┌─ SUPPLIED MATERIAL

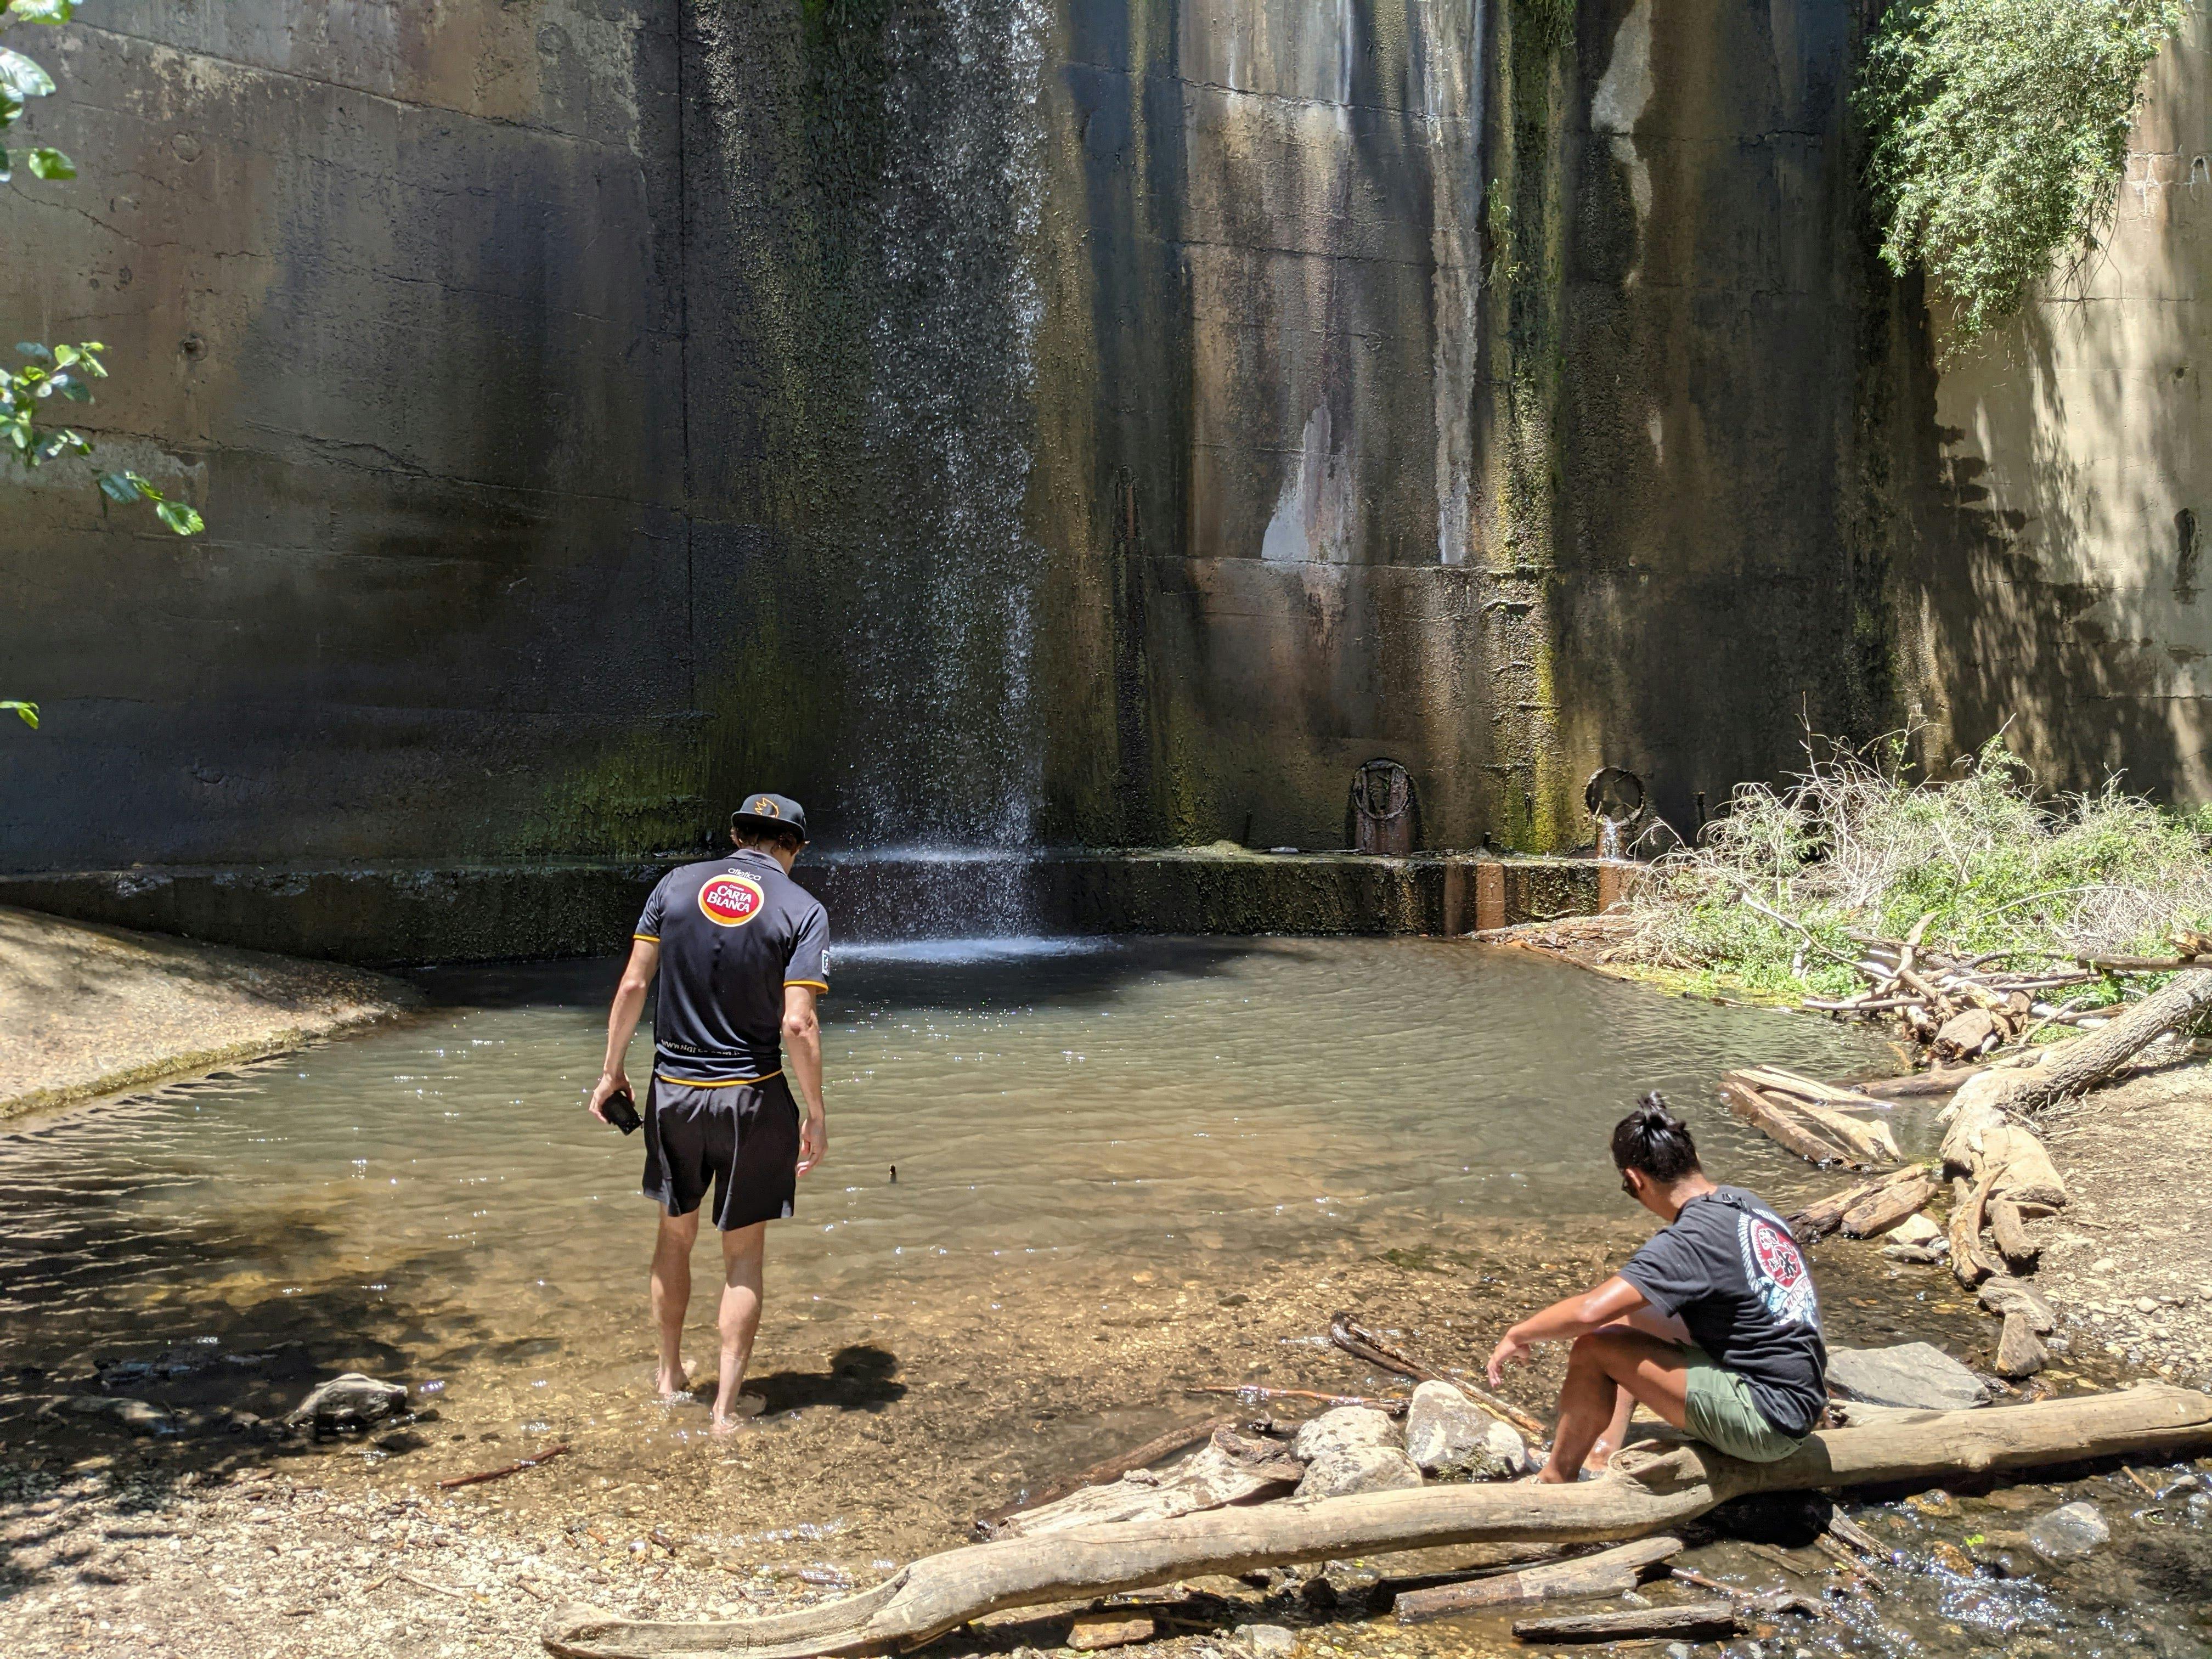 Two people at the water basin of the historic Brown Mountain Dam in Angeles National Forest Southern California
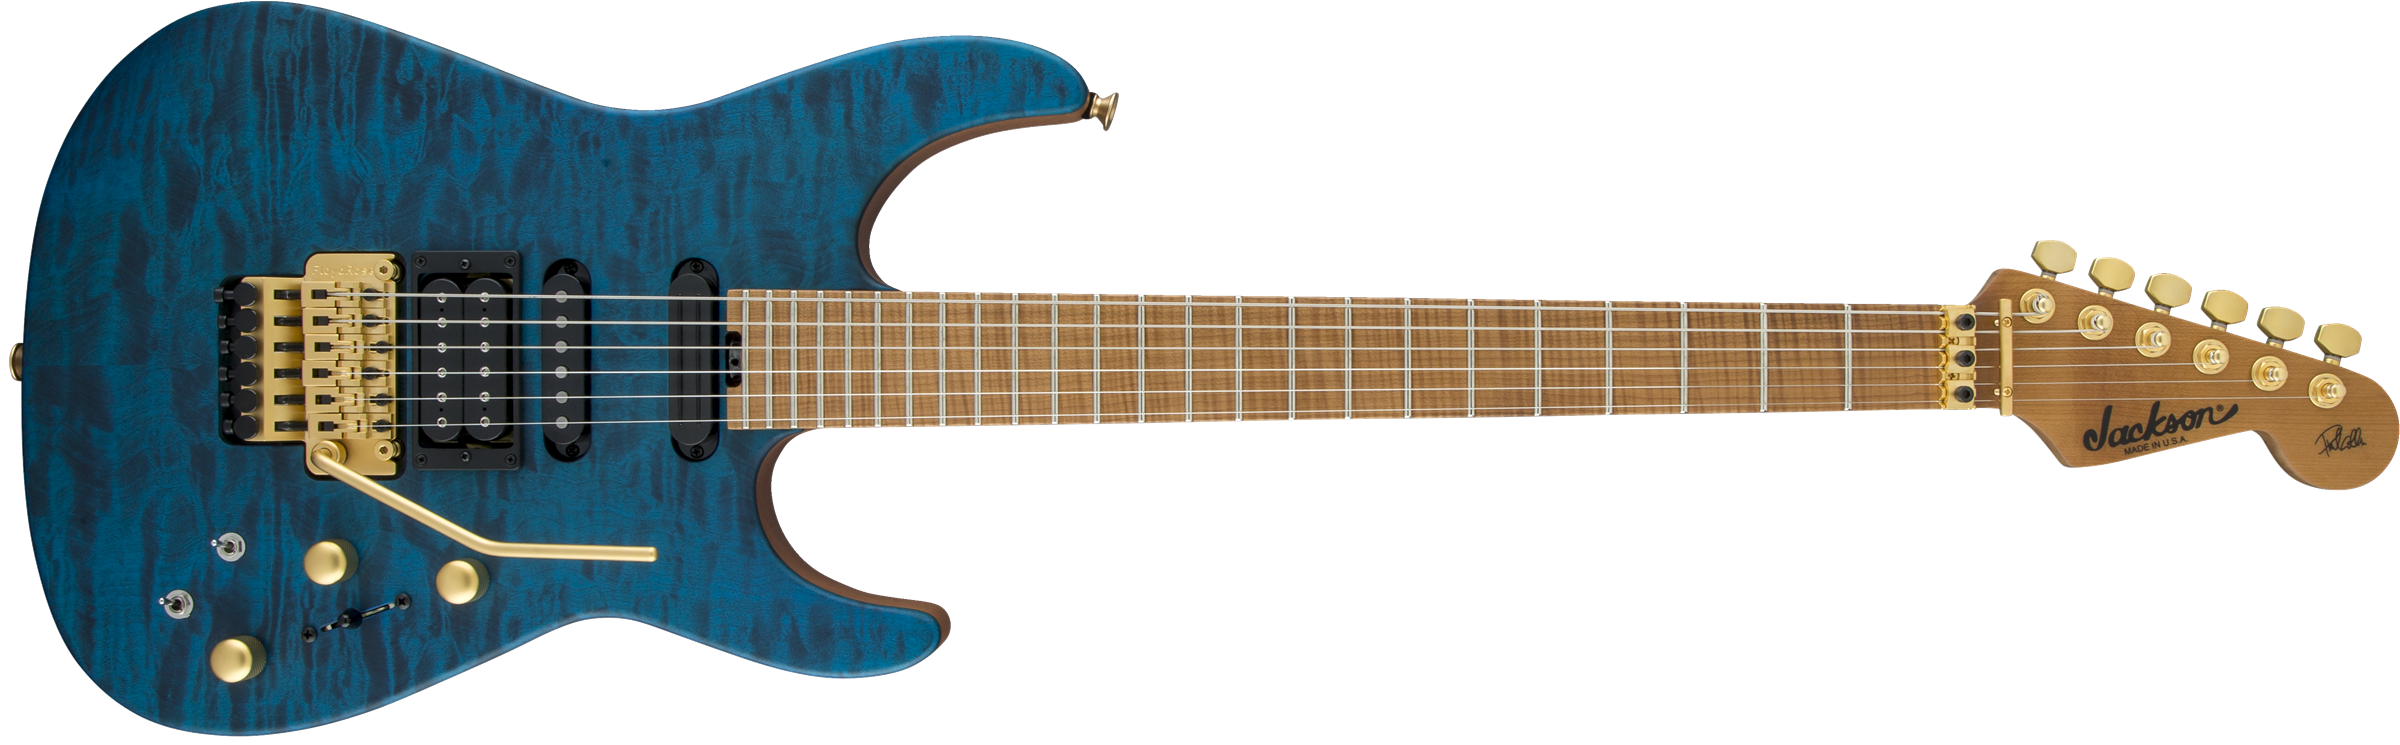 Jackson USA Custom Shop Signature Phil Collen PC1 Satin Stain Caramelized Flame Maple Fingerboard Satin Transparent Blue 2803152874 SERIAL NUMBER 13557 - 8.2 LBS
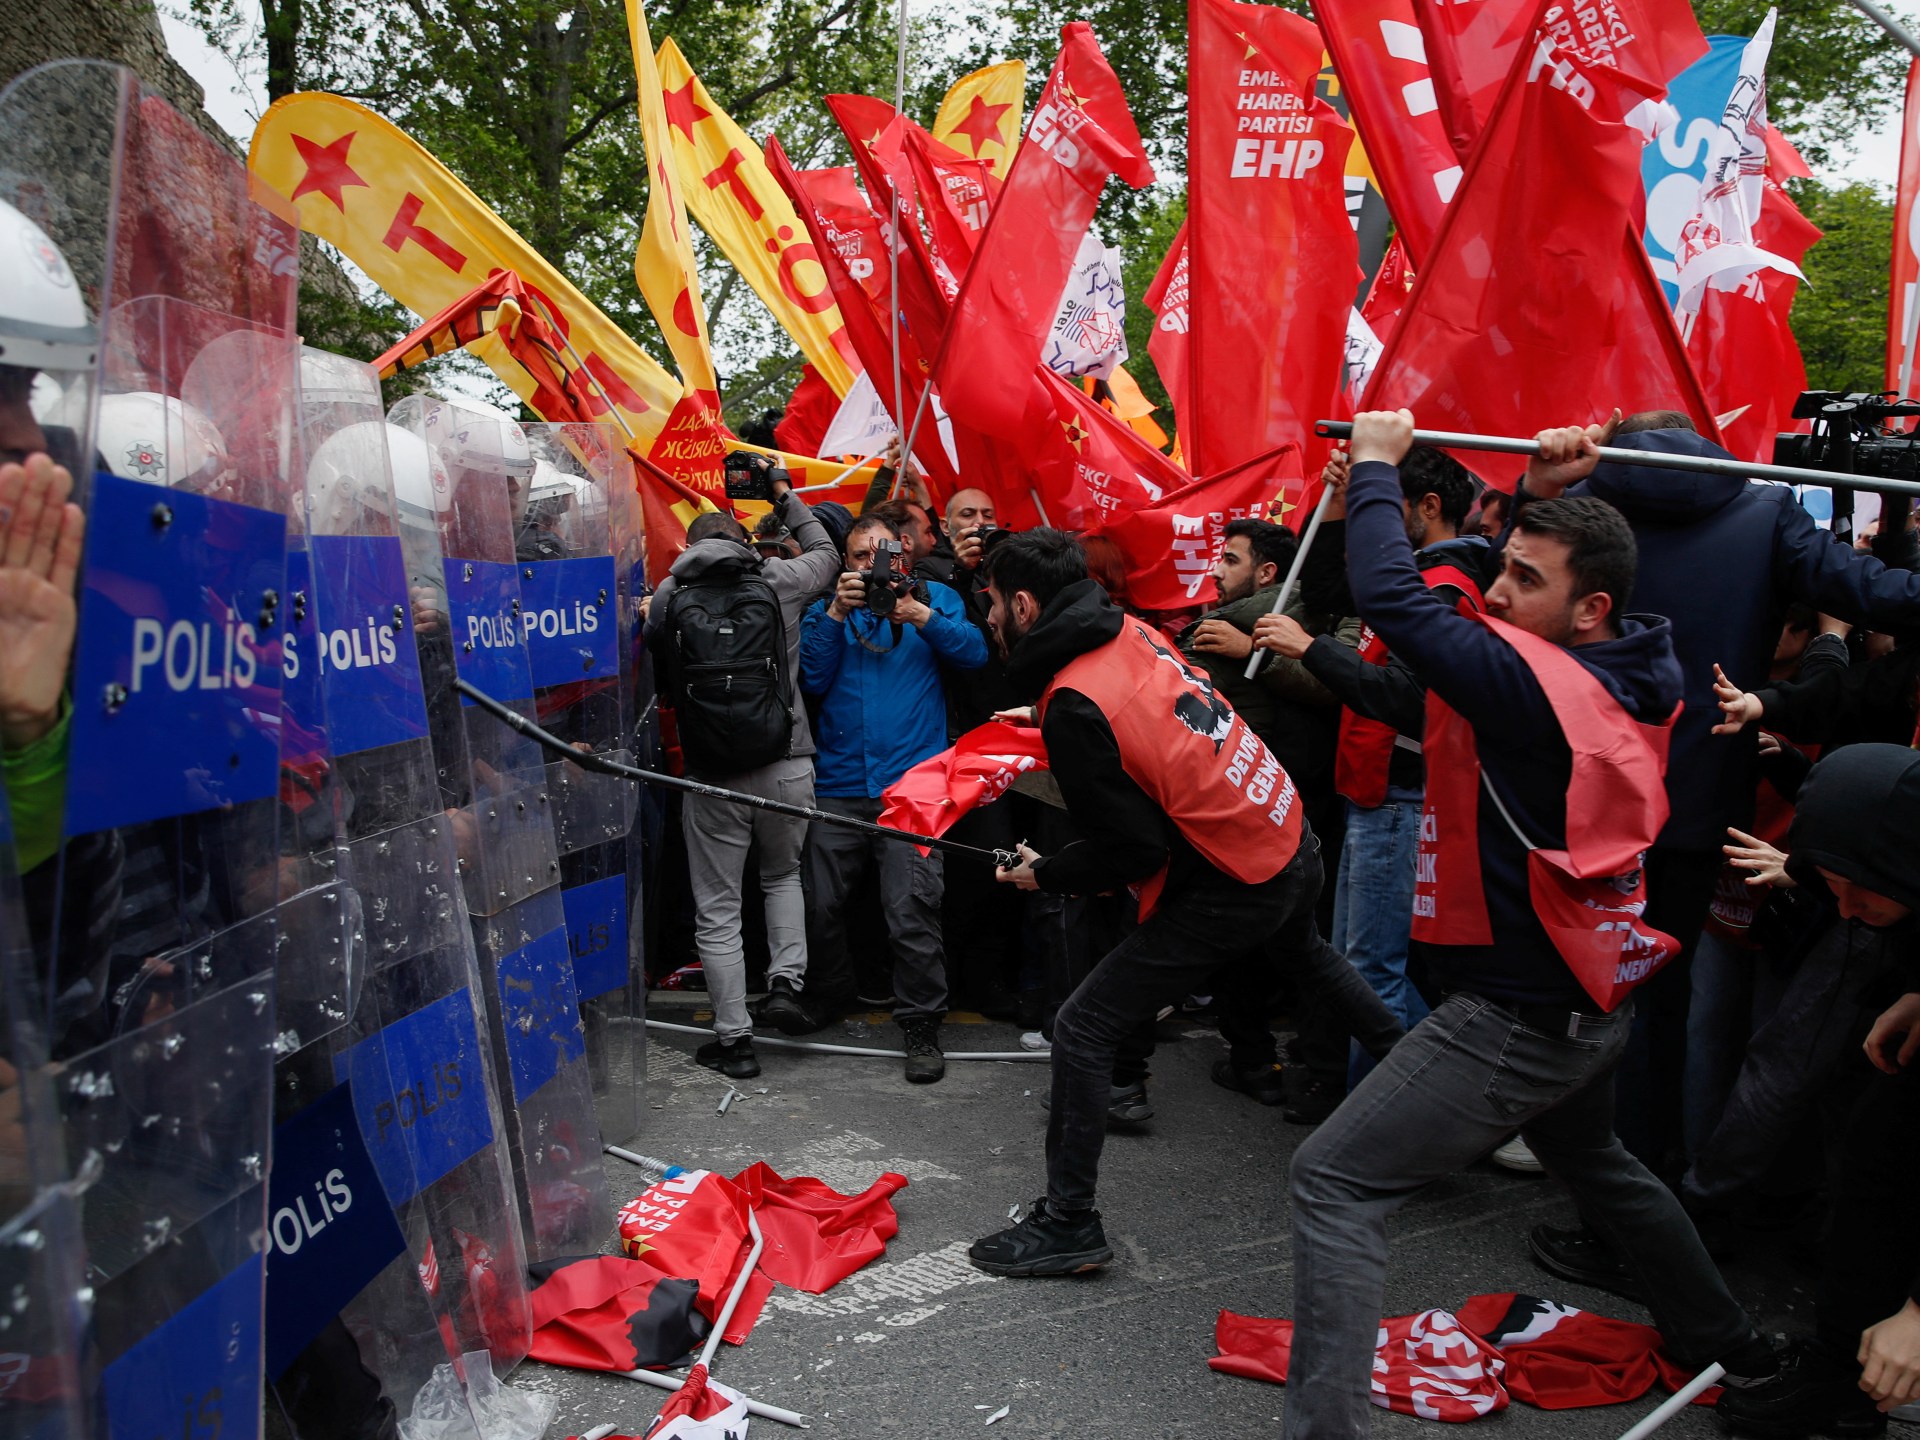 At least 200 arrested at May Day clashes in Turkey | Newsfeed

└─

THE PROBLEM> Word for word, repeat the data above with the pictures left out.

FINISHED EXERCISE>
 Two people at the water basin of the historic Brown Mountain Dam in Angeles National Forest Southern California
 Jackson USA Custom Shop Signature Phil Collen PC1 Satin Stain Caramelized Flame Maple Fingerboard Satin Transparent Blue 2803152874 SERIAL NUMBER 13557 - 8.2 LBS
 At least 200 arrested at May Day clashes in Turkey | Newsfeed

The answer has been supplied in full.